なにか、何か言わないと不安で押しつぶされそうだ。


「あ、あのさぁ。」


「なんだよ。」


「幽霊ってさ…猫の幽霊なの?なんで俺は呼ばれたの?」


「猫の幽霊じゃないのは見れば分かるだろ。」


「そ、そうか。」


「で、お前を連れてきたのはお前に魔法みたいなやつの素質があるかなーと思ったからだよ。」


「えっ絶対ねえ。俺酒屋だもん絶対ねえわ。」


「いや、あるんじゃないのか。最初から猫と喋ってもあまり驚かなかったし。」


「それ関係あるか?」


「あるよ。魔法みたいなやつは個人の心持ちの問題だ。お前みたいに幻想と現実の境目が曖昧なふわふわした奴はその素質があるんだよ。」


「魔法…境目…?」


俺はいい歳してそんなふわふわしてないぞ。と思ったが思い返すとそんなこともない気がする。よく天然だと言われるし。

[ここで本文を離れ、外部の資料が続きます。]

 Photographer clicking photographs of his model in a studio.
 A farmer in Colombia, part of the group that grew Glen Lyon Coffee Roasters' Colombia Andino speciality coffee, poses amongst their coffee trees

「そういえば今日もうちの店にある酒が全部花に変わって花いっぱいになるか突然エッチなことにならないかなってぼーっとしながら思ってた。」


「お前…本当…そういうところだぞ…?」


「よりによって猫にドン引きされた…。」




「行き止まりだと…?」


正直面食らった。この螺旋階段の上に扉がありボス幽霊と対決、というプランを思い描いていたからだ。


「帰ろう。」

猫が背を向けたまま言う。


「えっ。」


「帰ろう。」


「出なかったな、塔の幽霊。」


「いや…。」


猫はなにか思うところがあったのか言葉をそれ以上は続けなかった。

猫だし動物だし人間より勘が働くのだろうな。と思うと背中がぞくりとしてきたので何も言わないでおいた。


「まぁなんだ。もう大丈夫だろう。もともと不安定な魔素で構成されていたからお前のような猫よりは現実感の強い人間が足を踏み入れたことにより魔法みたいなやつは繋がりを失ってバラバラになる。」


「えっそんなんでよかったの。」


急だったしあの後普通に仕事してたから忘れてたけど浄霊道具、塩とかでいいから持っていくべきだった。


「うん…まぁ明日の夜にならないと分からんけど…まぁいいだろ。」


「曖昧だなぁ。」


俺らは店に帰り親父たちが寝たのを確認してから売り物のスルメを適当に開けてくちゃくちゃやる。

少しどうしようかとも思ったが一番気になっていたことを意を決して聞くことにした。


「そういえば1つ聞きたかったんだけどさ。」


「特別に聞くだけ聞いてやろう。」


「助けられたくせに偉そうだな。」


「人間は俺たちのような猫のために存在しているし。」


「えー。」


「猫は人間のためにも存在しているよ。」


「そうかも。」


「お前その理解してるんだかなんだかわからん感じ本当アレだぞ…?」


猫は少し姿勢を改めるというか手をピッタリと揃え頭を少し下げた。

俺は一旦食べるのをやめ、喉をゴクリと鳴らす。


「これはもしかして俺たちの領域ではない、というか聞いてはいけないことなのかもしれないから答えなくてもいい。」


猫とは目を合わせられない。目を合わしたくない。


「塔の幽霊いなかったよな?」


「いたよ。」


「えっ。お前びっくりしたタイミングなかっただろ。」


「別にびっくりしないよ。」


「どういうこと?」


「あー塔の幽霊って言い方が分からなかったのか。幽霊の塔だよ。」


「は?」


塔の幽霊、幽霊の塔。確かに意味は違うがそんなに印象は変わらない。

俺は額に指を当てて少し冷静に考えることにした。


「あっ。」


俺は一瞬自分の浮かんだ考えにびっくりして目を2度瞬きさせて猫に聞く。


「もしかして塔自体が幽霊?」


「あっそれそれ。」


あまりにもくだらなくて俺は床に五体を投げ出した。